Five Things You Need to Know:

(1) The first thing white anti-racists are accused of is white guilt and quoting Dr. Martin Luther King, Jr. Personally, I don’t have white guilt. I had no control over the color of my skin. Evidence suggests it was the result of my people moving to colder temps. End of story. And yes, I always quote Dr. King on this: “Our lives begin to end the day we become silent about things that matter.” I also quote Malcolm X (el-Hajj Malik el-Shabazz): “I’m for truth, no matter who tells it. I’m for justice, no matter who it is for or against. I’m a human being, first and foremost, and as such I’m for whoever and whatever benefits humanity as a whole.”

(2) White is right was sold to everybody by a select group of male, elitist, white, wealthy English men who had to divide and conquer to maintain what they owned. I am so sick of these articles, however well-intentioned, that suggest we all need to own it. The bottom line is whiteness was profitable.
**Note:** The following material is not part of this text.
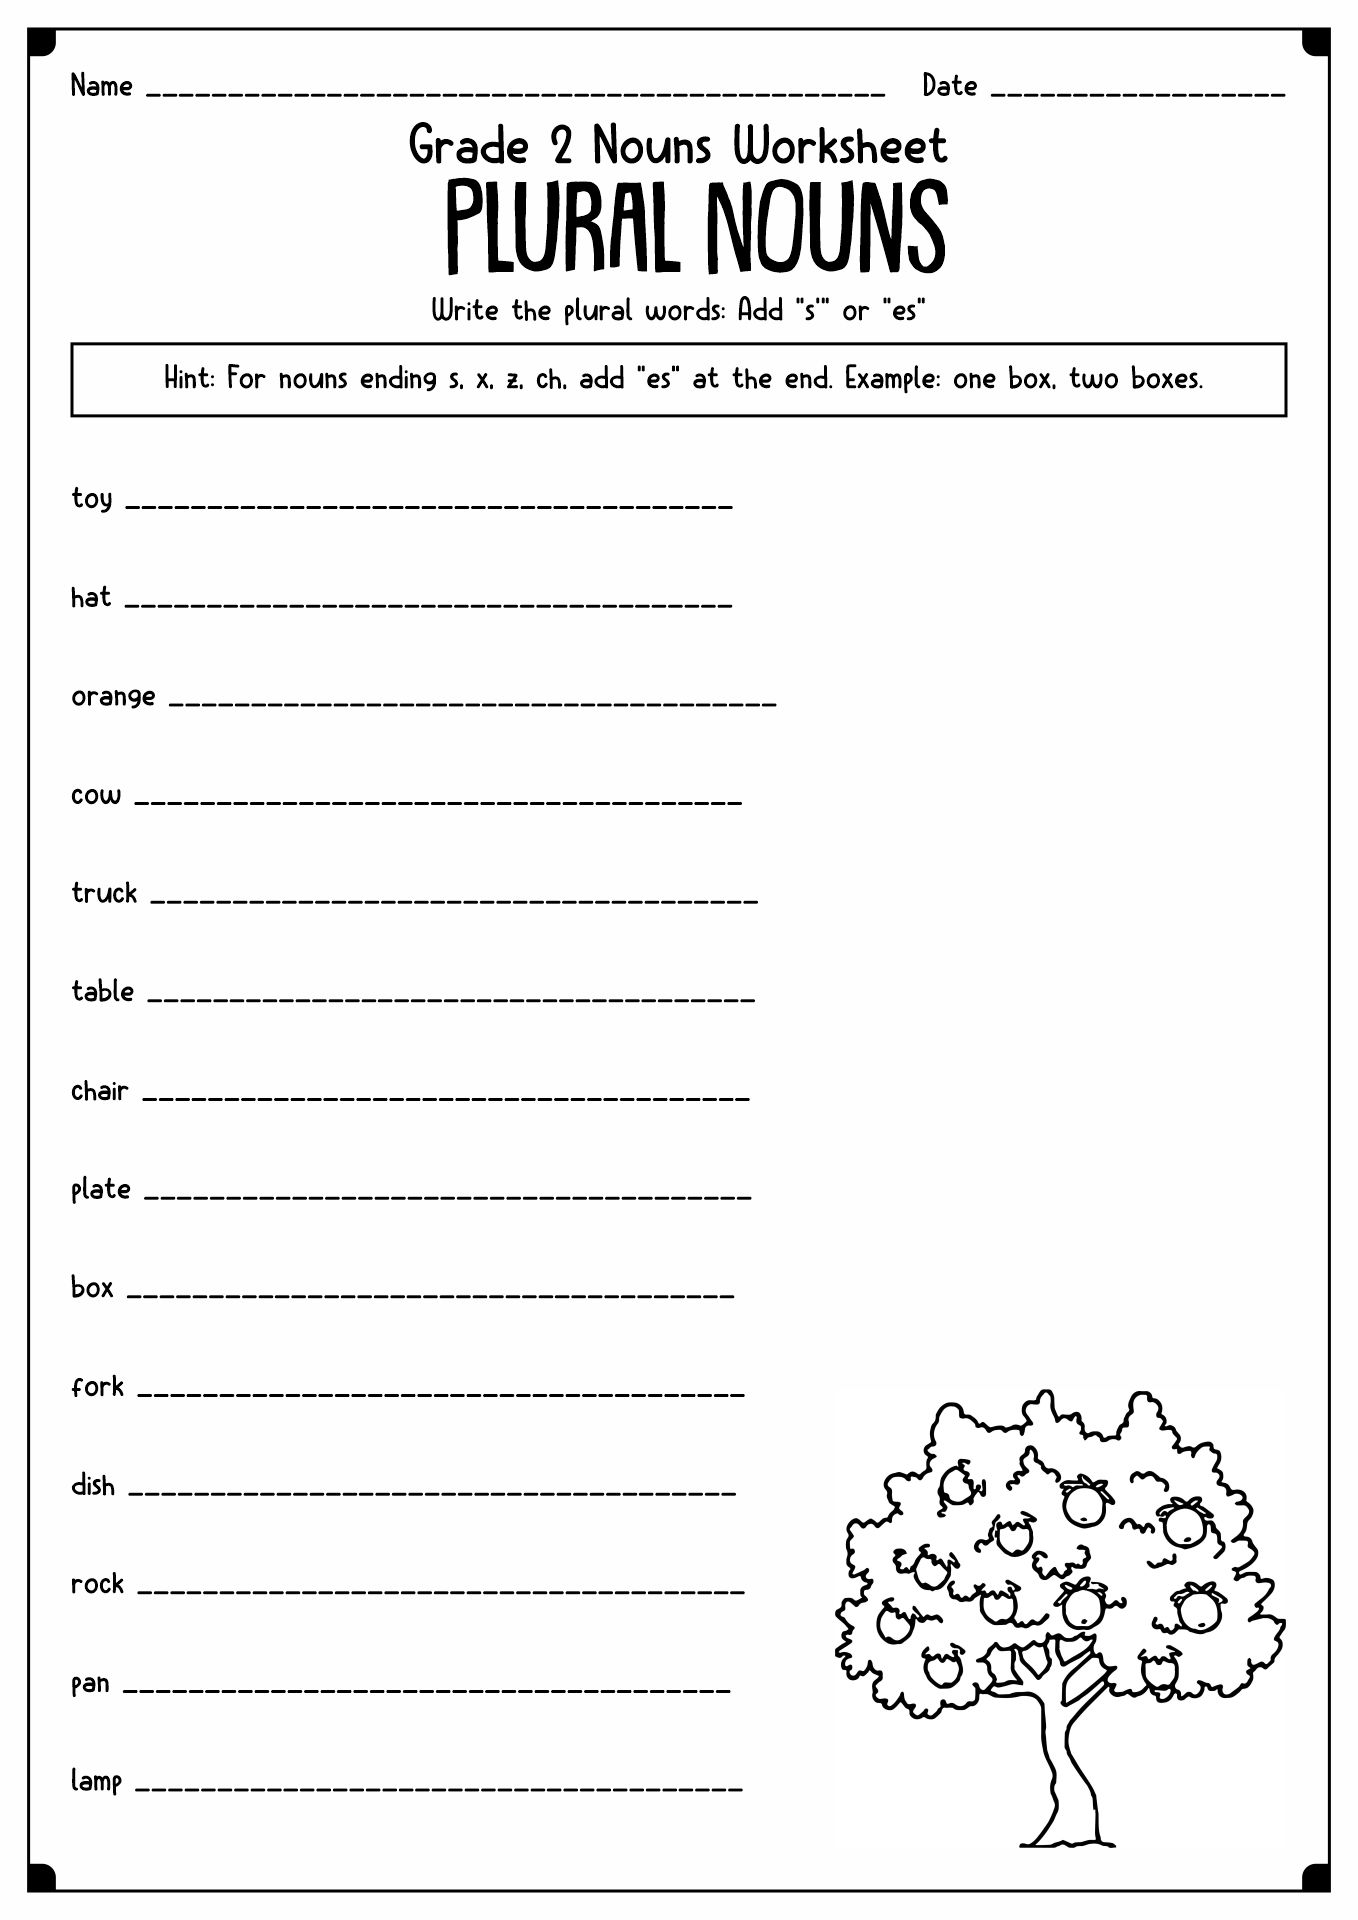 Singular Plural Nouns Worksheets Image

They sold it to the Indians–stand with us or we will call you “colored” and refuse your tribal designation. They sold it to “white” indentured servants, Irish, German, etc.–you can be adopted as white as long as you don’t join forces with the “other” have not’s.
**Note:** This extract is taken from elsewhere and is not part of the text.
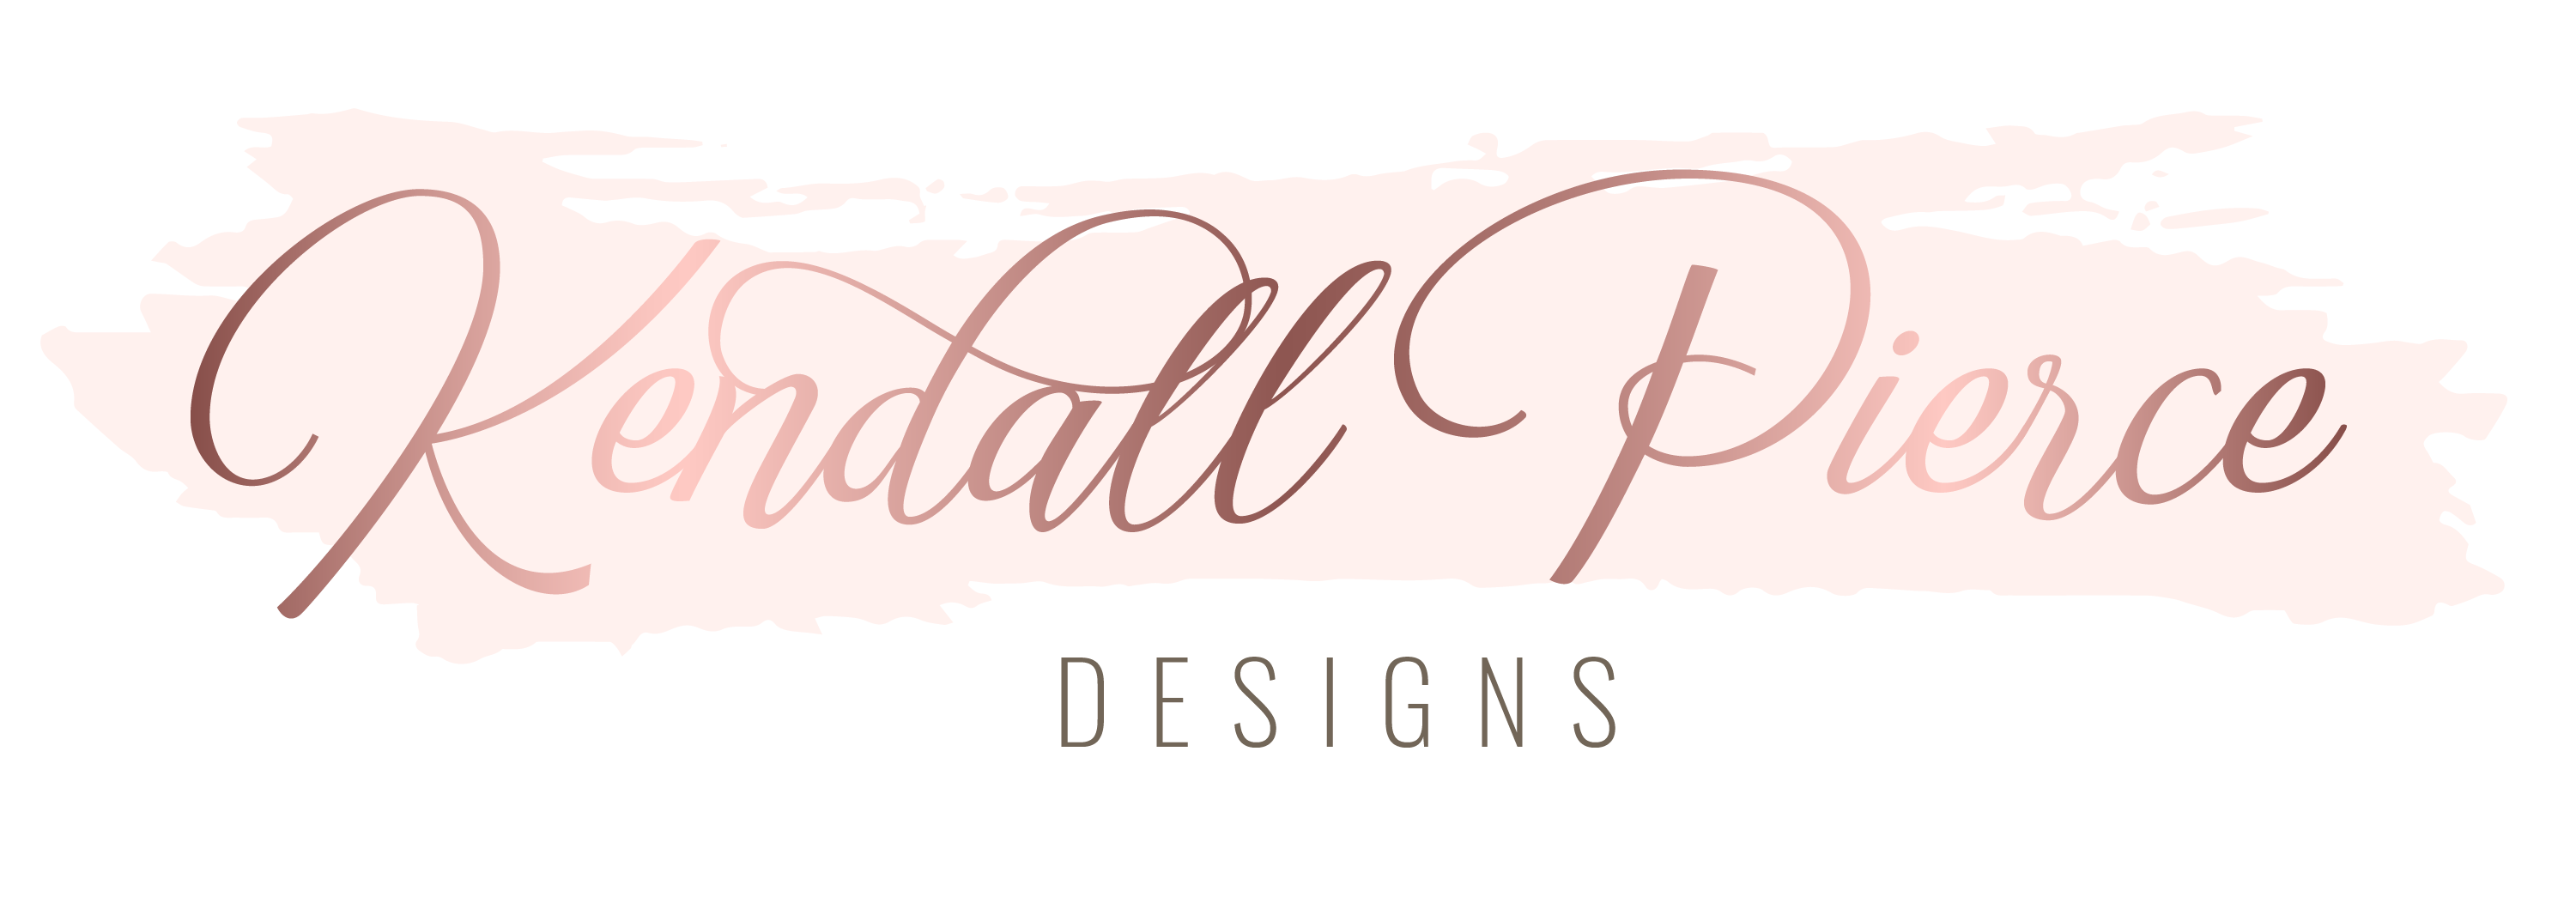 Kendall Pierce Designs

They sold it to black folks–colorism, free vs. enslaved African-Americans, house versus field, North versus South. They sold it to those who feared “race mixing” which would make it very difficult to hold people down based on the color of their skin. They sold it to poor white people in the South who didn’t own slaves and poor black people (free and slaves) were promised freedom and equality so they would fight for “heritage.” How long until ALL of us wake up and say enough is enough? Anyone buying and selling it is part of the problem.
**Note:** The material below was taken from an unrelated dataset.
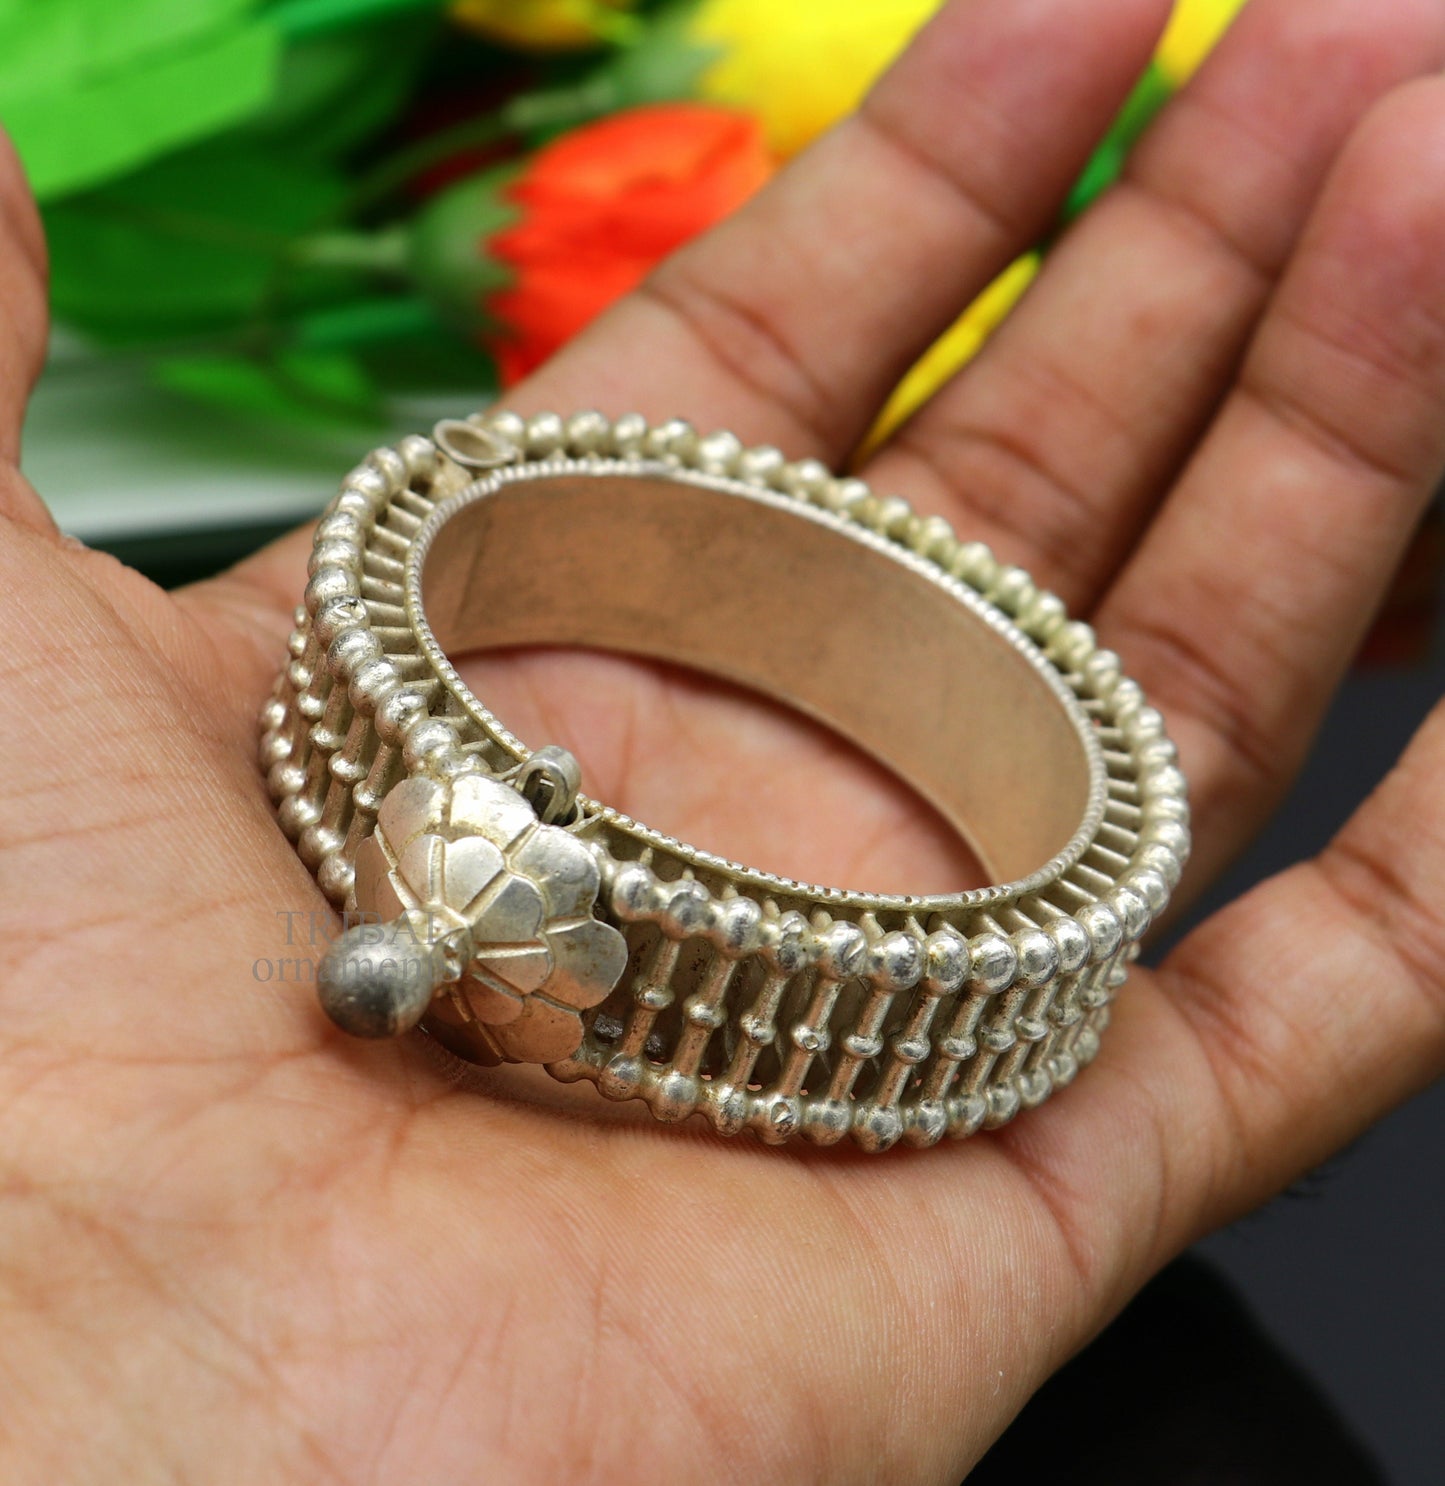 Amazing Vintage handmade original antique silver cuff bracelet , fabulous design tribal women's tribal ethnic jewelry Rajasthan India ocb21 - TRIBAL ORNAMENTS

(3) Real conversations involve everybody stepping up and saying this is crazy. We aren’t selling out anymore. Not for whiteness, not for blackness, not for anything. Our identities are complex and in this country, we understand they have been reduced to skin color. What music you like, how you prepare food, what region of the country you are from, what belongs to you and what you have appropriated–all reduced to the amount of melanin in your skin. How long–truly, how long??

(4) We are becoming a nation of complete idiots. As an analyst, mother and human being, I am less concerned about your opinion than about how you decide to defend it. News flash: most of the historical questions you have can’t be answered by memes or blogs. They require real work, personal introspection and analysis so you can form an opinion based upon facts rather than feelings–or marketability. Want to really learn something? Form an opinion and then passionately try to prove yourself wrong. It forces you to read every other perspective you can find, validate sources, think critically and sometimes even change your own mind.

(5) The belief that talking about white privilege has made one bit of difference is laughable. The exceptions are articles like this that drive it home beyond class and region. You know why? Heart and real world experience.

Regardless of the issue, challenging strangers has minimal impact and it’s the safe way out. Give up anonymity and go at it with those closest to you who at least value your opinion at some level. If you decide to do that, be prepared to “argue” with an arsenal of facts and primary sources. Also, you better wear your big girl panties because getting your feelings hurt is a guarantee. Get over it and keep having the conversations.

If we stop talking at each other but rather to each other instead, we will figure it out. Maybe over a beer and a BBQ–that is true Southern heritage. Of course then we will argue over which kind is best.